Choosing the faster platform
December 13, 2005
HP reports that choosing a database is one of the most significant decisions a migrating site can make. In the same presentation HP's Kevin Cooper mentioned that Marxmeier Software's Eloquence has racked up very good performance numbers, according to reports HP's received from its migrating customers.
But which platform you deploy Eloquence upon can make a difference. In general, the customer base has praised HP-UX as a faster Eloquence platform than Windows, although that kind of generality makes technical experts cringe. Still, there's this report from a user on the Eloquence mailing list:
Eloquence creator Michael Marxmeier addressed these questions:In testing our software on both Windows and HP-UX we have found that programs that access an Eloquence database take quite a bit longer on the Windows server. The Windows server we are using has two 2GHz processors and 2GB of memory; our HP-UX server has two 750 MHz processors and 2GB of memory. For example, when running a C program that does a serial read through the database it takes 26 seconds on Windows and 10 seconds on HP-UX. On the HP-UX server we have Enable IPC set to 2, when it is turned off the program takes 22 seconds.
My questions are: 1) The enable IPC option does not seem to be valid on Windows (option not included in config file included w/Windows version; when added to the config file it does not make any difference in processing speed). Is there a way to configure a database server on Windows to get similar benefits that the enable IPC option provides on HP-UX?
2) Is there any info available that shows what specs are needed for a Windows server (CPU, Memory) so that it gets similar performance to a certain HP-UX server when accessing an Eloquence database?
The IPC transport is currently not available on Windows. When we tested this initially, it was not critical for the Windows performance (but made a difference on HP-UX). A quick/simple test with the current version seems to support this.
I’m afraid this [Windows performance specs question] is not easily possible, as both the hardware architecture as well as the OS are rather different. For example, if the CPU architectures are different, the CPU frequency has little significance when comparing CPU performance. For CPU specific performance I would assume the SPEC benchmarks (www.spec.org) might be able to provide a rough overview. However, please keep in mind that IO bandwidth and IO performance might also be rather different.

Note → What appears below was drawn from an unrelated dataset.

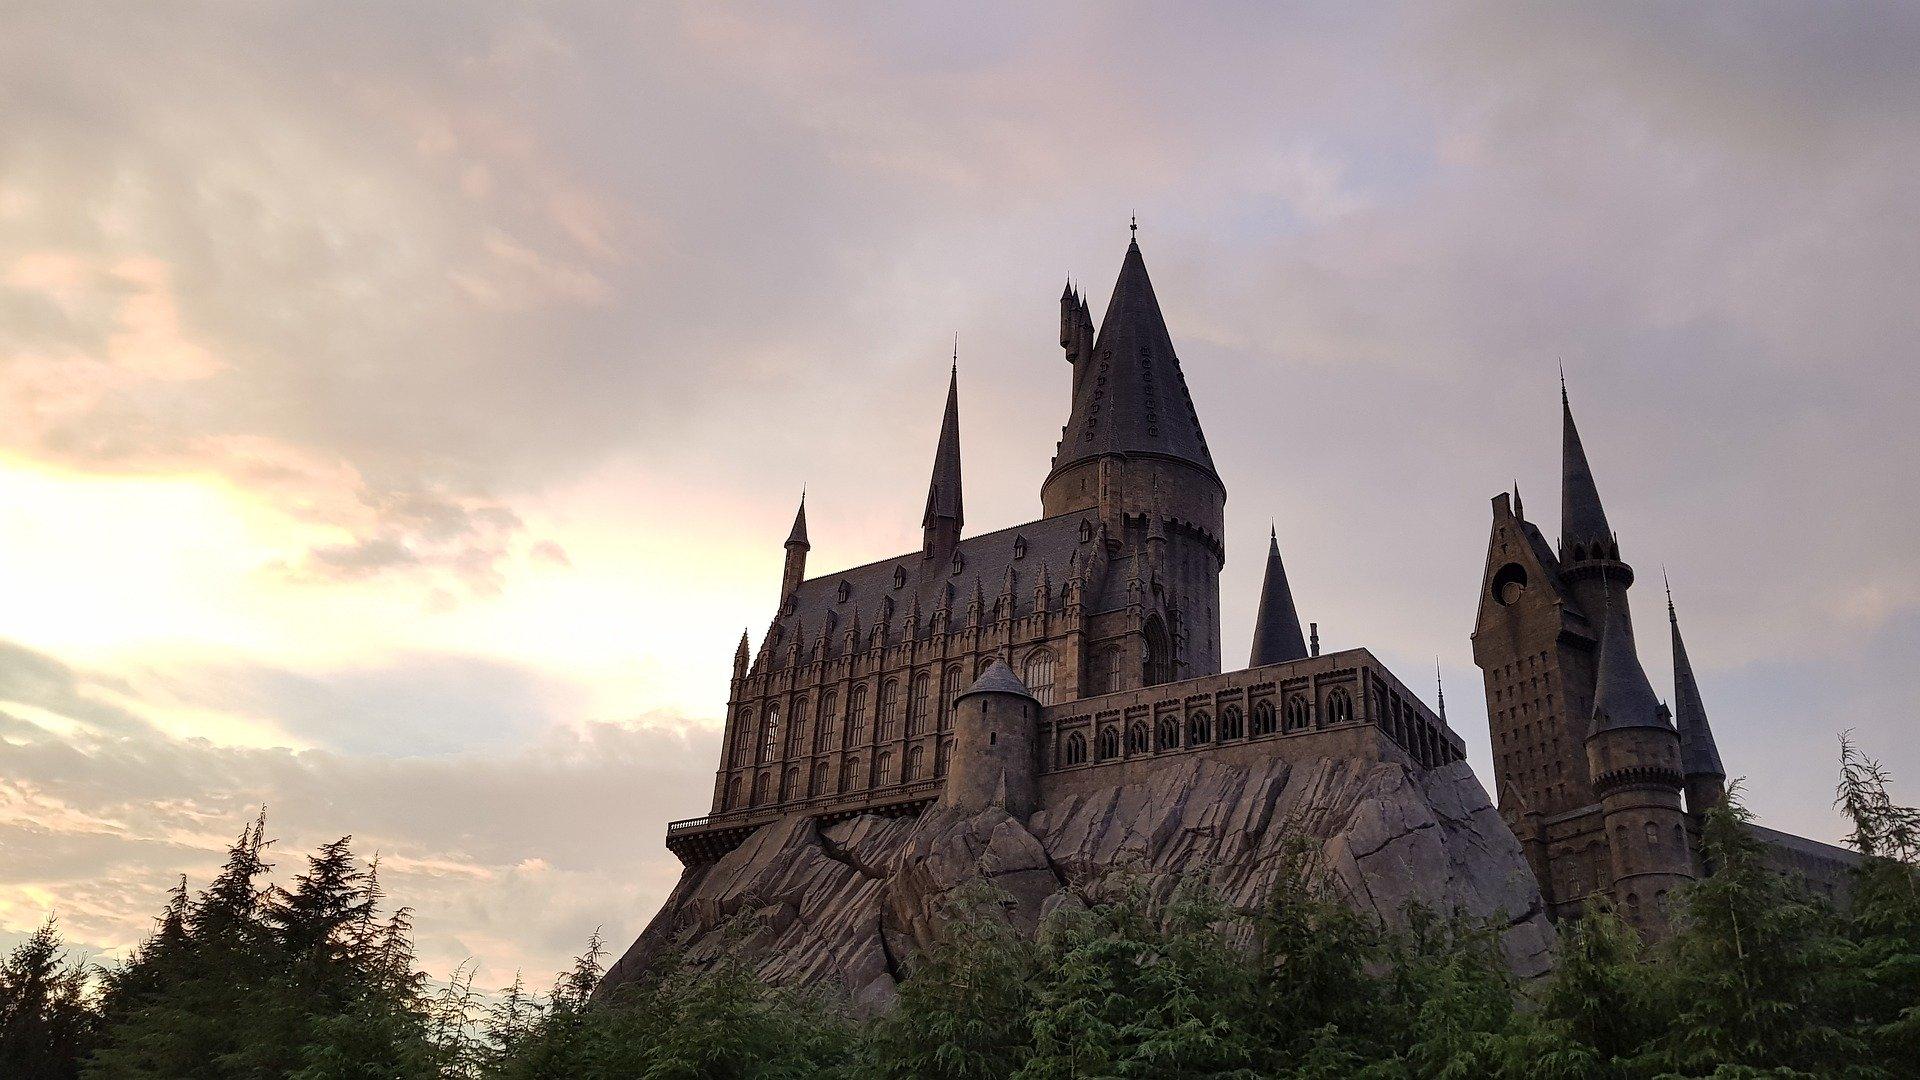 Die berühmte Burg von Hogwarts

I did some quick/simple/unscientific test comparing a recent HP-UX box against a Proliant DL360 (dual CPU, SCSI) running Windows. The results seem to indicate that for this test the performance should be roughly equivalent (for a small number of users).
John Pittman of Ryco in Australia chipped in his humble opinion about expecting HP-UX performance from Windows systems:
Sorry, but why would you ever expect a Windows system to be as fast as a UX box at anything? I don’t care how fast the Windows CPU is, or how much RAM it has, its just not going to get there. We run 200+ sessions and up to 40 background jobs on an MPE N4000, on a 1x 220Mhz CPU and 1GB of ram, with about 10 IAMGE databases open, some up to 4GB in size. Windows chassis just don’t have the IO bus speed to match a real computer.